▶ **What you should do**
Where the listing shows an image, skip it and output all other material unchanged.

-- Dataset content follows --

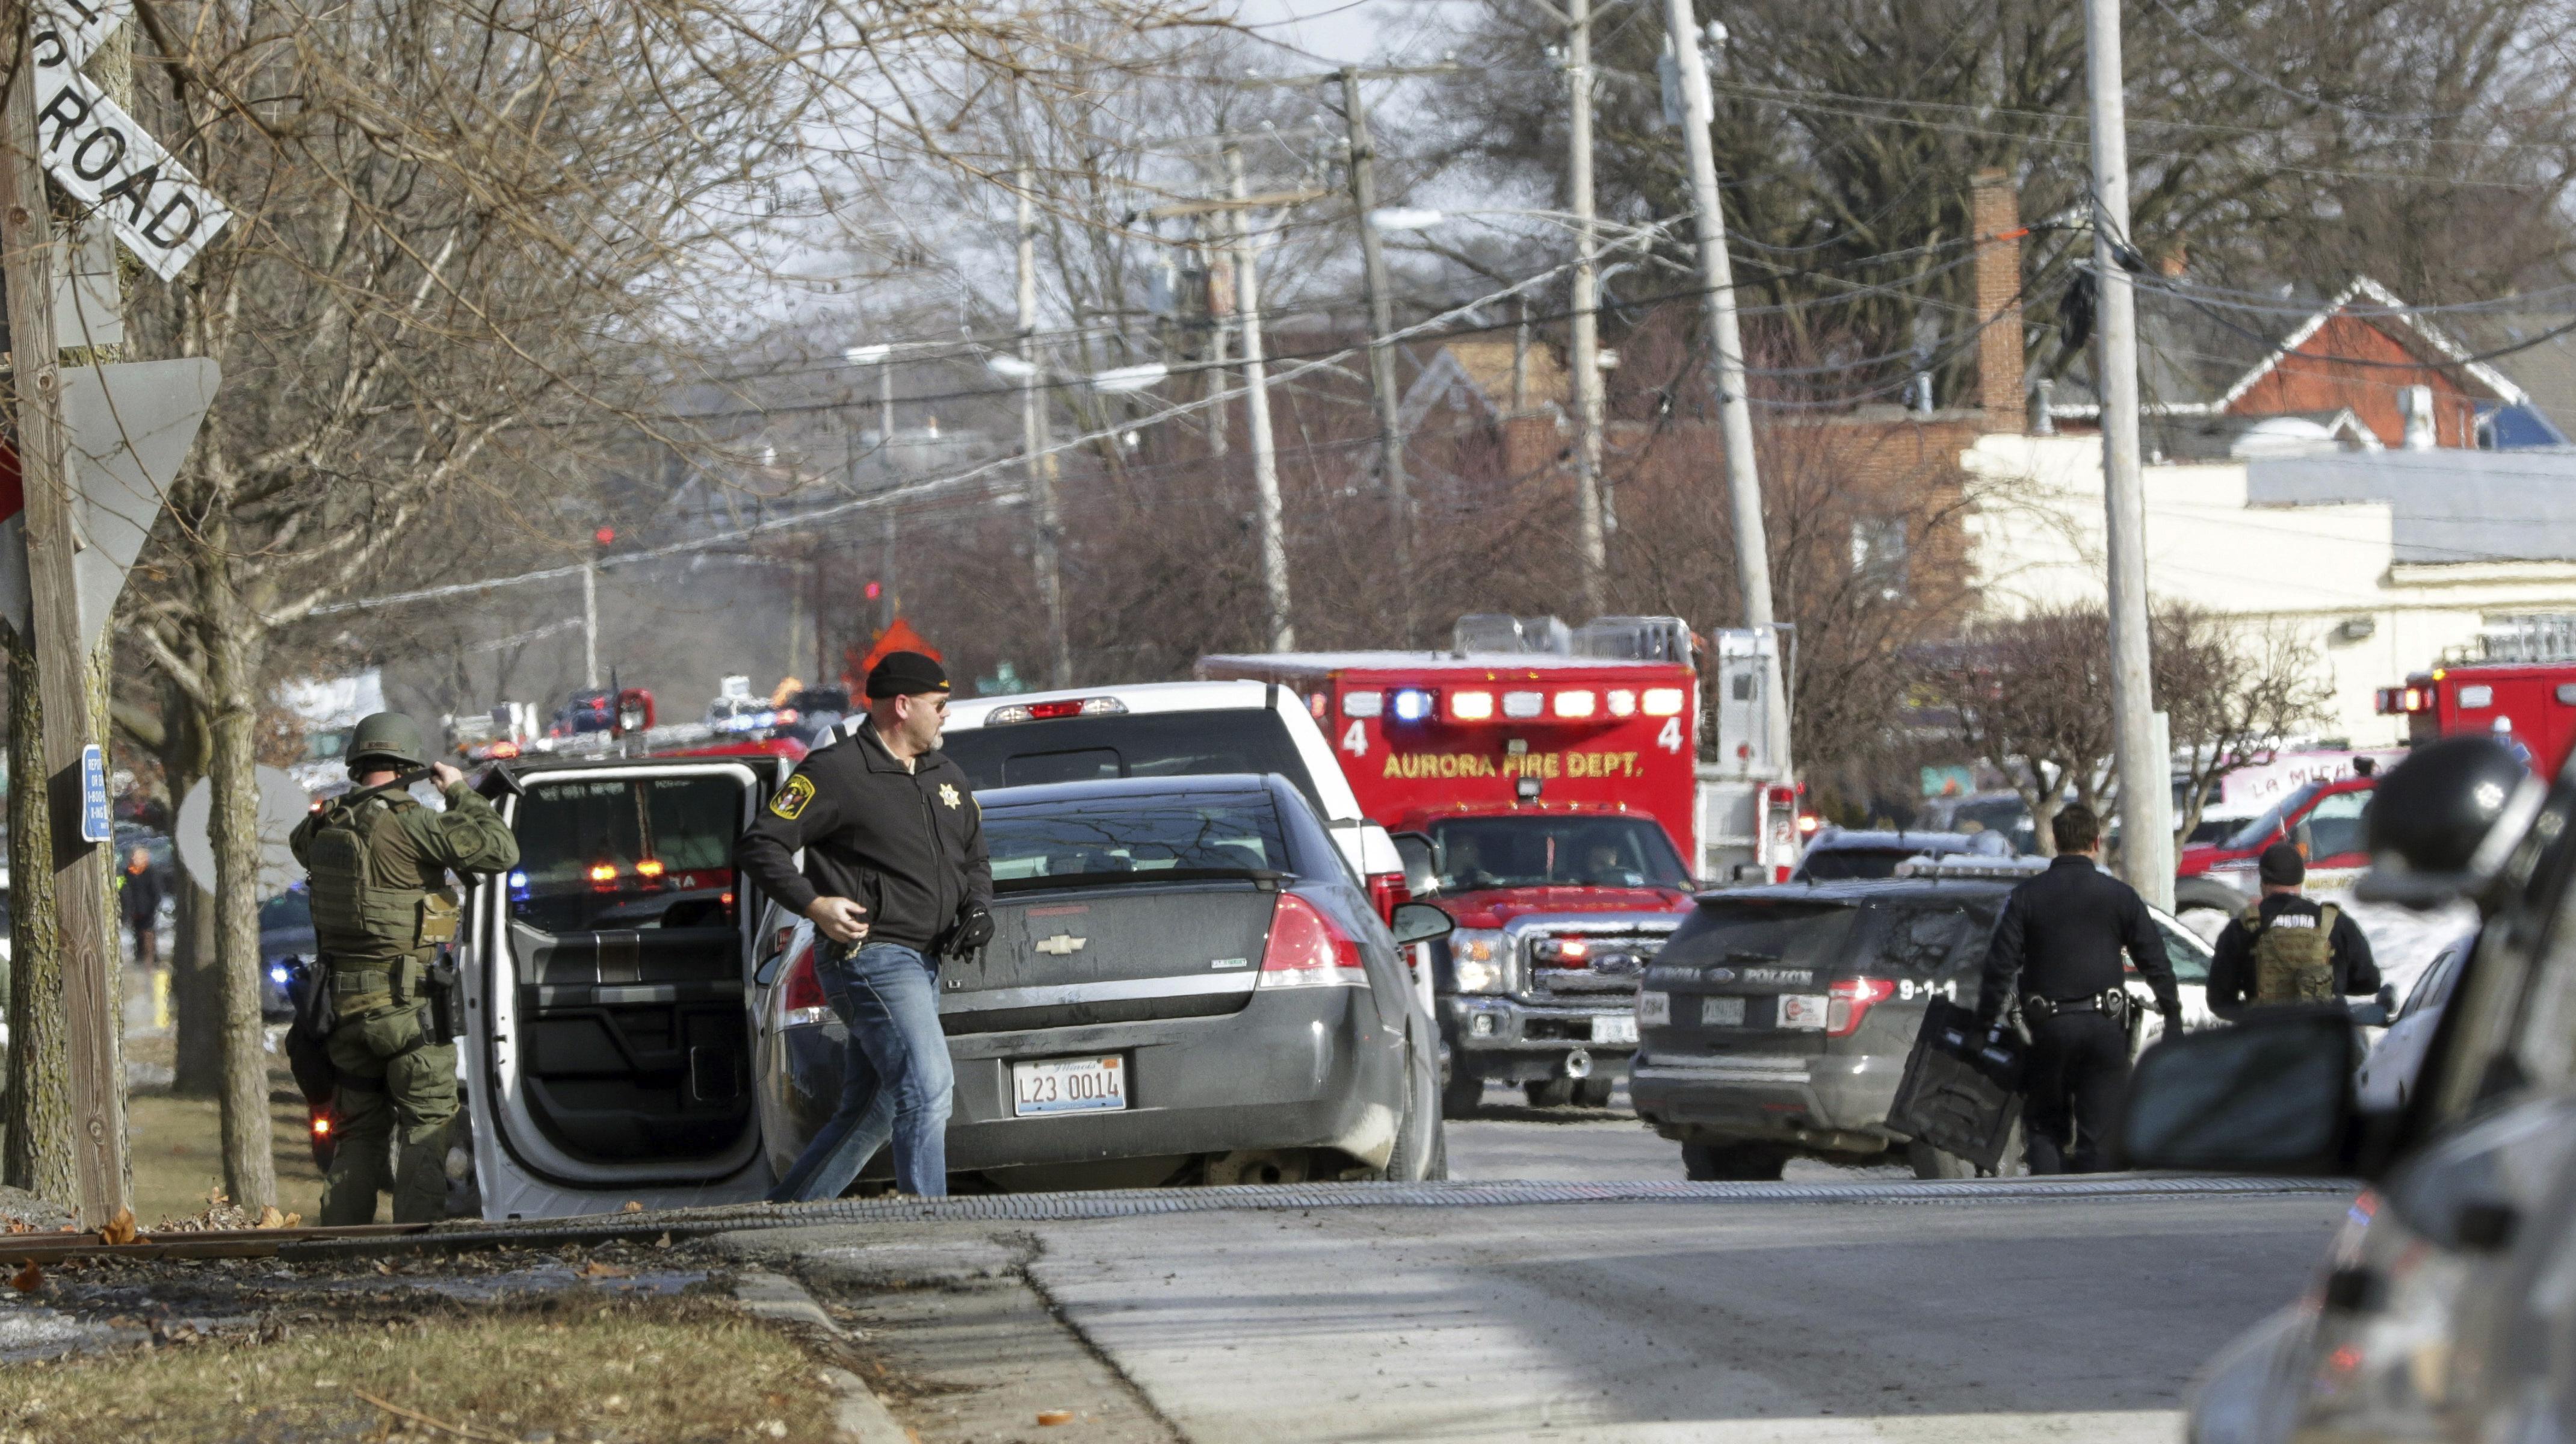 Aurora shooting: Gary Martin opened fire inside Henry Pratt
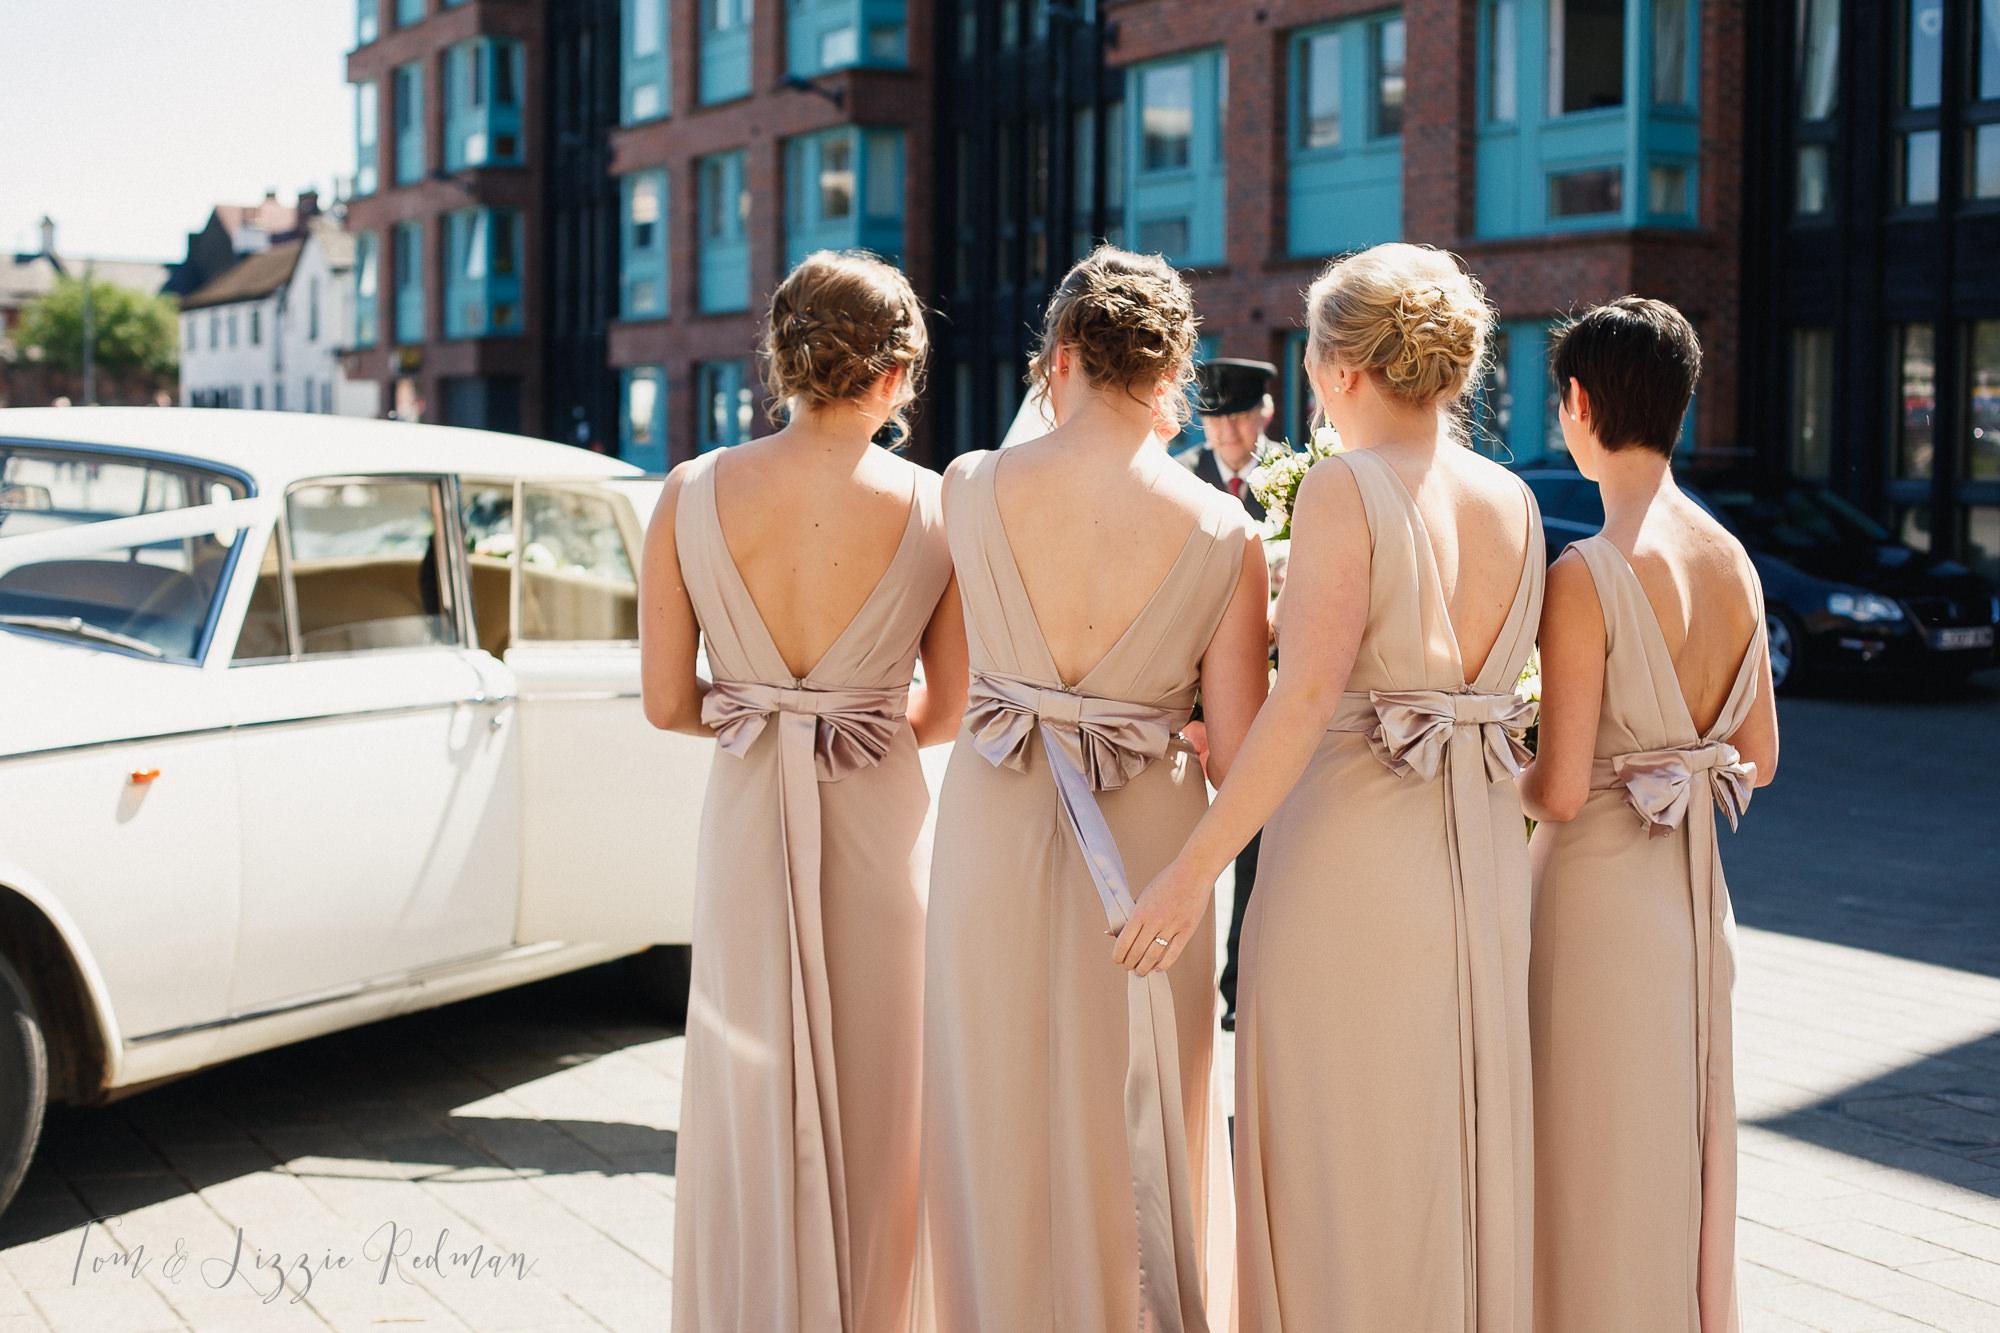 Dorset wedding photographers Tom & Lizzie Redman 015.jpg
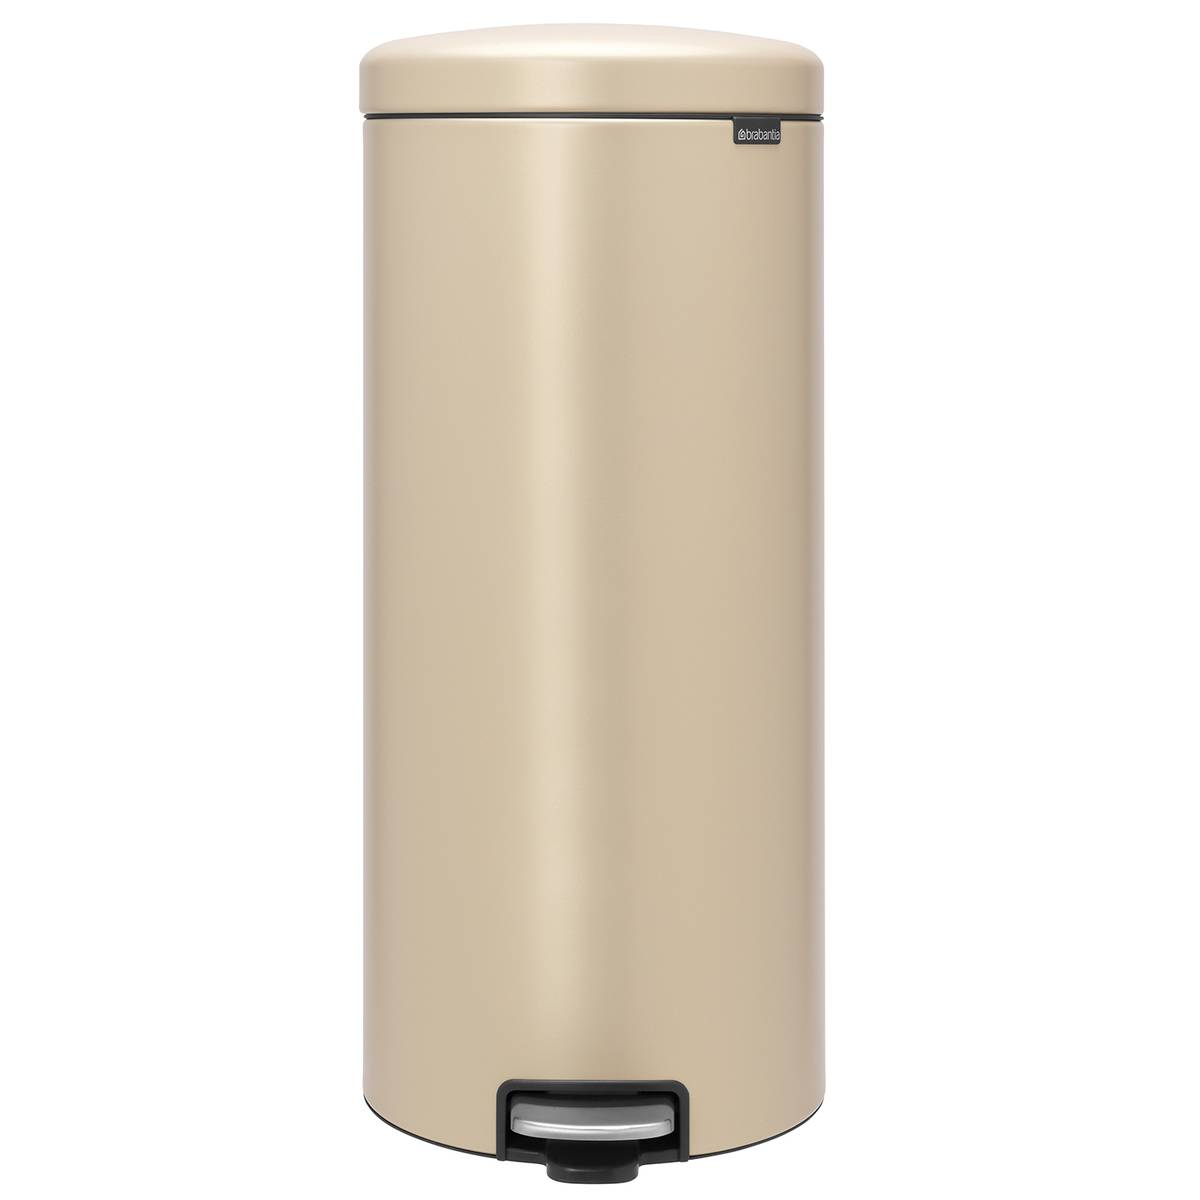 Brabantia newIcon poljinroska-astia 30 L, Sense of Luxury, kulta

-- Dataset content concluded --

▶ **Written solution**
 Aurora shooting: Gary Martin opened fire inside Henry Pratt
 Dorset wedding photographers Tom & Lizzie Redman 015.jpg
 Brabantia newIcon poljinroska-astia 30 L, Sense of Luxury, kulta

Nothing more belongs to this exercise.